When Sr. Madeleine Miller tried to substitute teach two years ago at Norfolk Public Schools, she was told they'd love to have her — but she couldn't wear her habit.

"Really?" the Missionary Benedictine sister replied. "Tell me more."

A 1919 state law backed by the Ku Klux Klan and other anti-Catholic groups barred teachers from "religious garb" in public schools. It had never been challenged.

But it didn't sit right with Miller, whose religious community in Norfolk encouraged her to try to change the law.

"Anyone of any faith should be able to wear something that signifies their religious faith and feel comfortable," she said. "You need to leave your religion at the door? I don't think so."

Miller contacted state Sen. Jim Scheer of Norfolk in late 2015, and his office began working on the bill he introduced this year to repeal the ban. Lawmakers approved the bill 39-5 March 23 and Gov. Pete Ricketts signed it into law four days later. In January, Scheer was elected speaker of the unicameral Legislature.

The Nebraska Catholic Conference, which represents the public policy interests of Nebraska's three bishops, also supported Sister Miller's efforts. The conference's executive director, Tom Venzor, testified in support of the bill Jan. 17, and praised lawmakers for lifting the ban.

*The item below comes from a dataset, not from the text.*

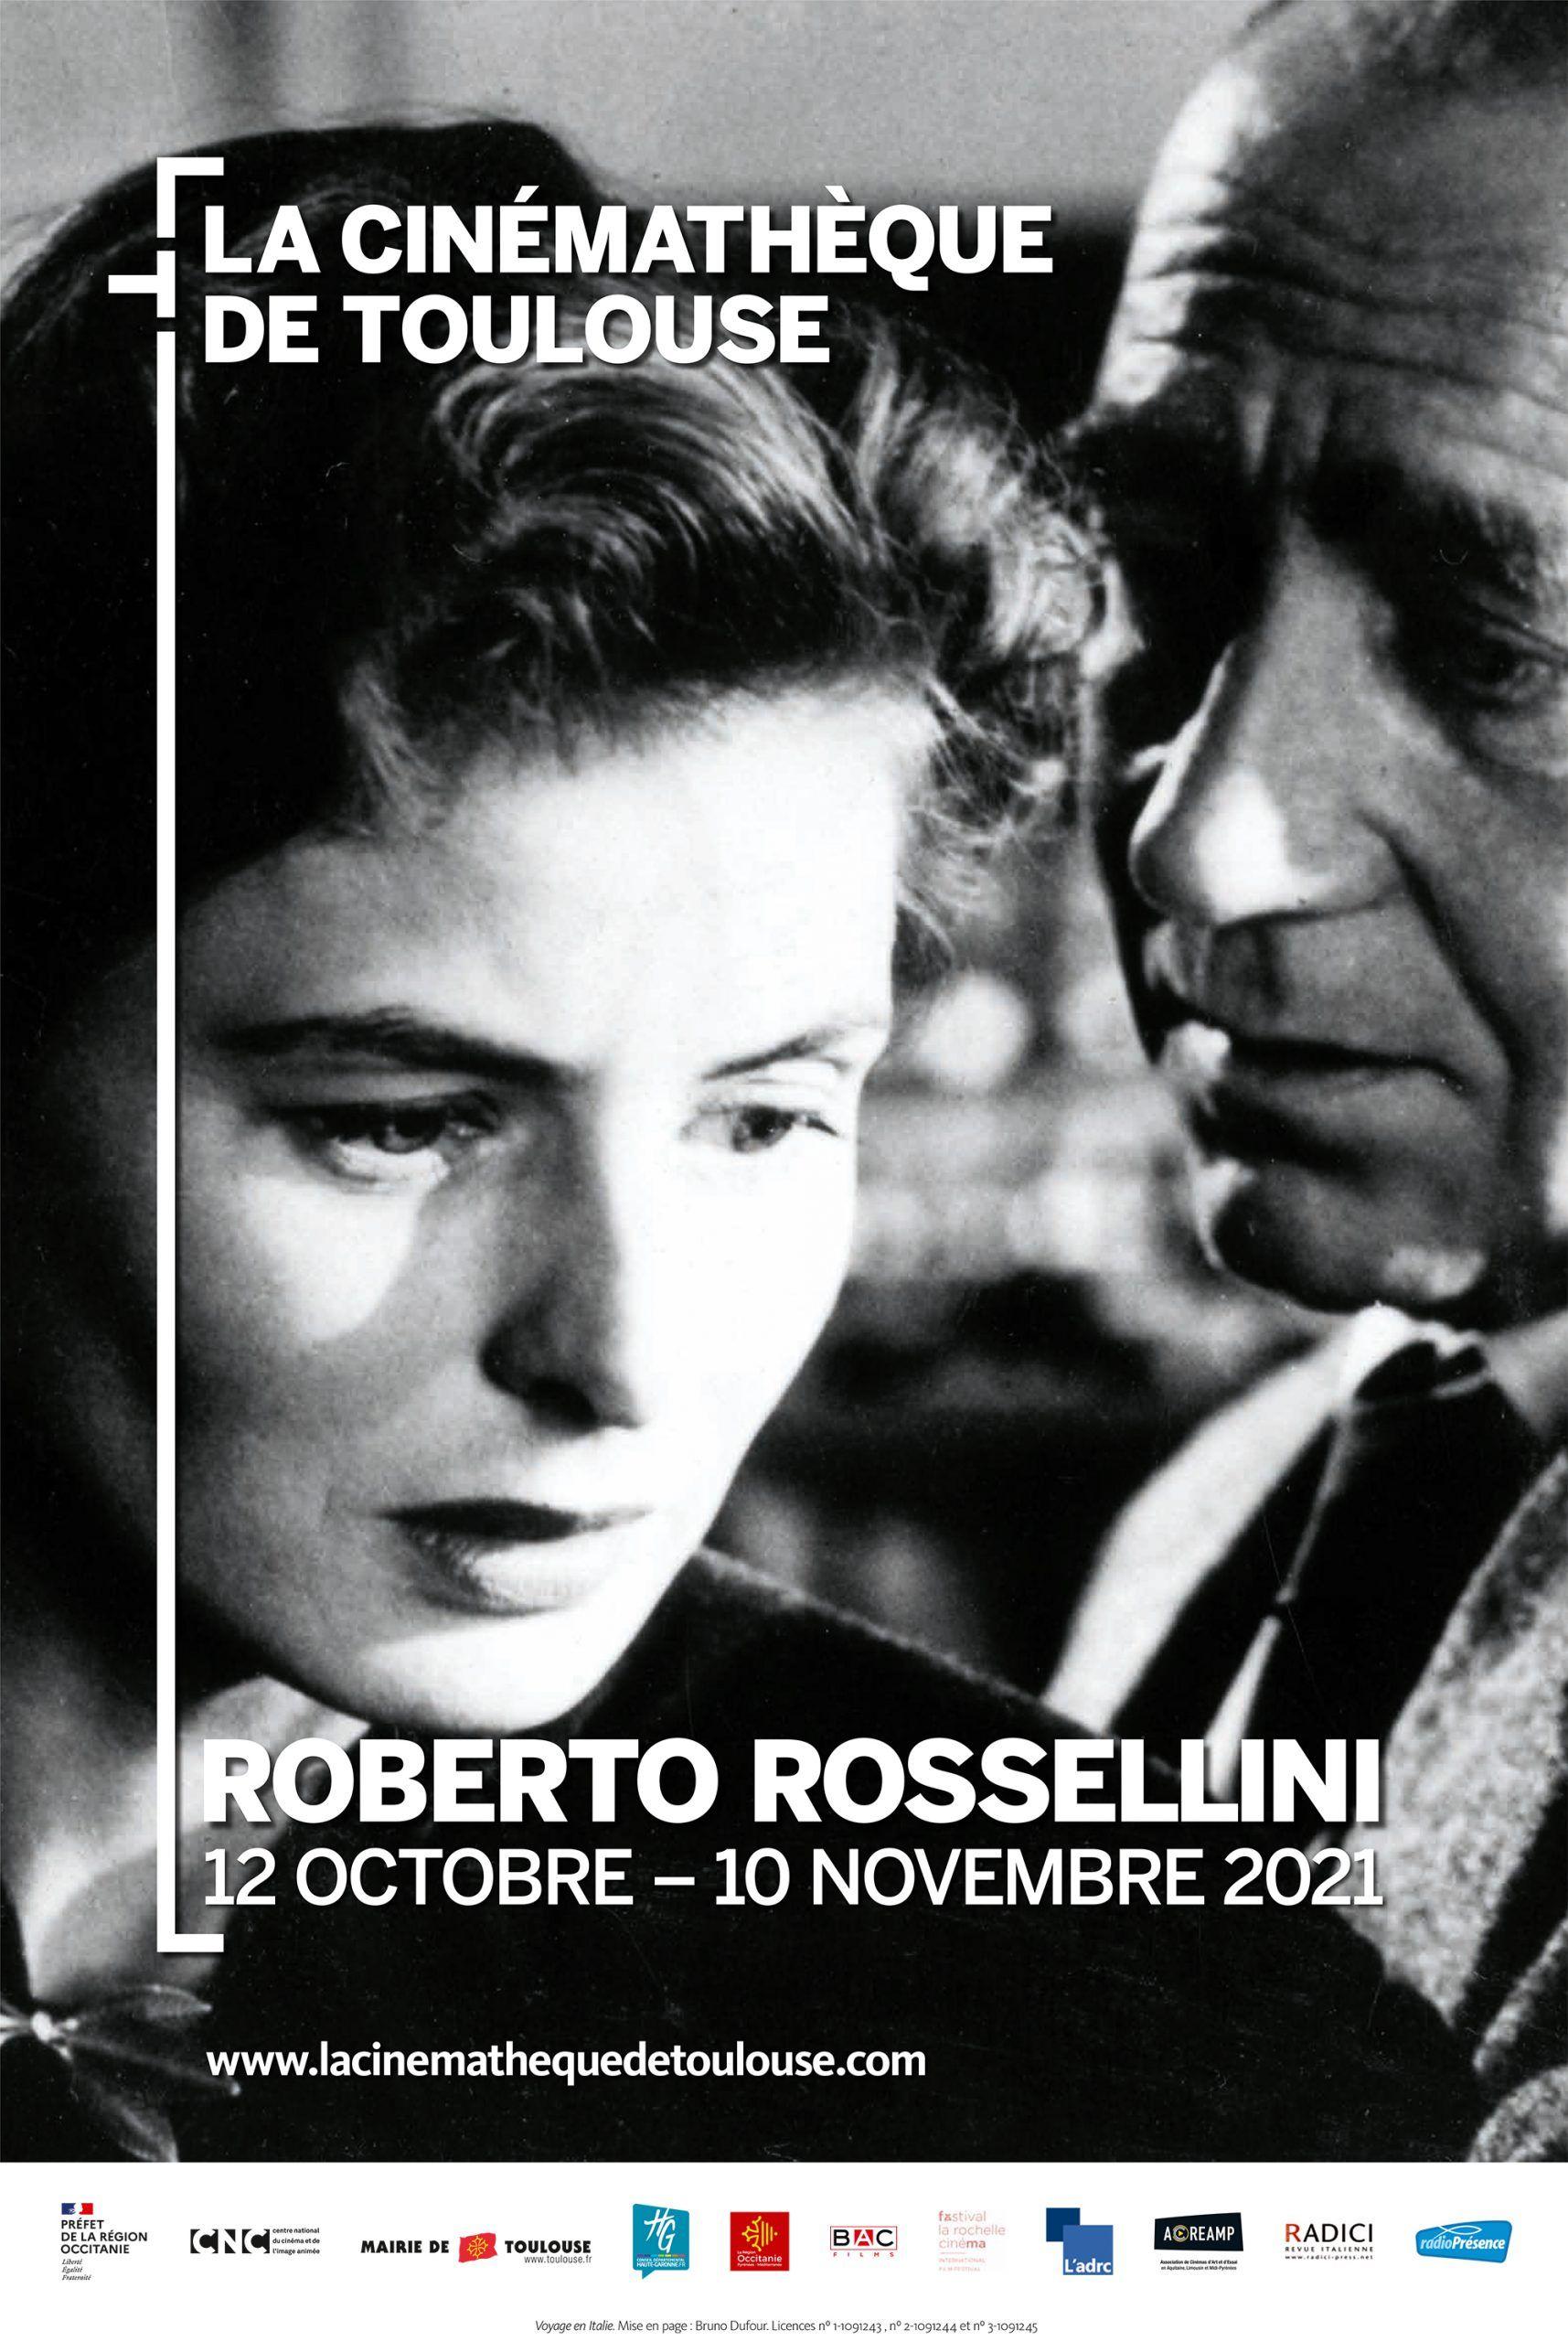 Cinémathèque de Toulouse - Roberto Rosselini

"The (NCC) is grateful for the work of Speaker Jim Scheer and the Nebraska Legislature to repeal the religious garb prohibition," Venzor said. "Initially rooted in anti-Catholic animosity, this prohibition failed to extend the robust religious liberties that all citizens — teachers included — should enjoy in our state. We hope that Nebraska continues to be a place where the religious liberty and conscience rights of all are preserved and defended."

Spencer Head, a research analyst for Scheer, said Nebraska and Pennsylvania were the only states left with a ban on religious garb for teachers in public schools that once included 36 states.

In some states, religious garb was interpreted to include jewelry and other ornaments, he told the Catholic Voice, newspaper of the Archdiocese of Omaha. But because it had never been challenged in court in Nebraska, it is impossible to know how public school officials might have interpreted religious garb, how many times it quietly had been enforced, he said.

Sister Miller, who now teaches juniors and seniors theology at Bishop Heelan High School in Sioux City, Iowa, said she knew of several people who respectfully accepted terms of the nearly century-old law, which also banned such garb as yarmulkes and burqas.

"It became not about me, but about other people," Miller said of her successful efforts to overturn the law.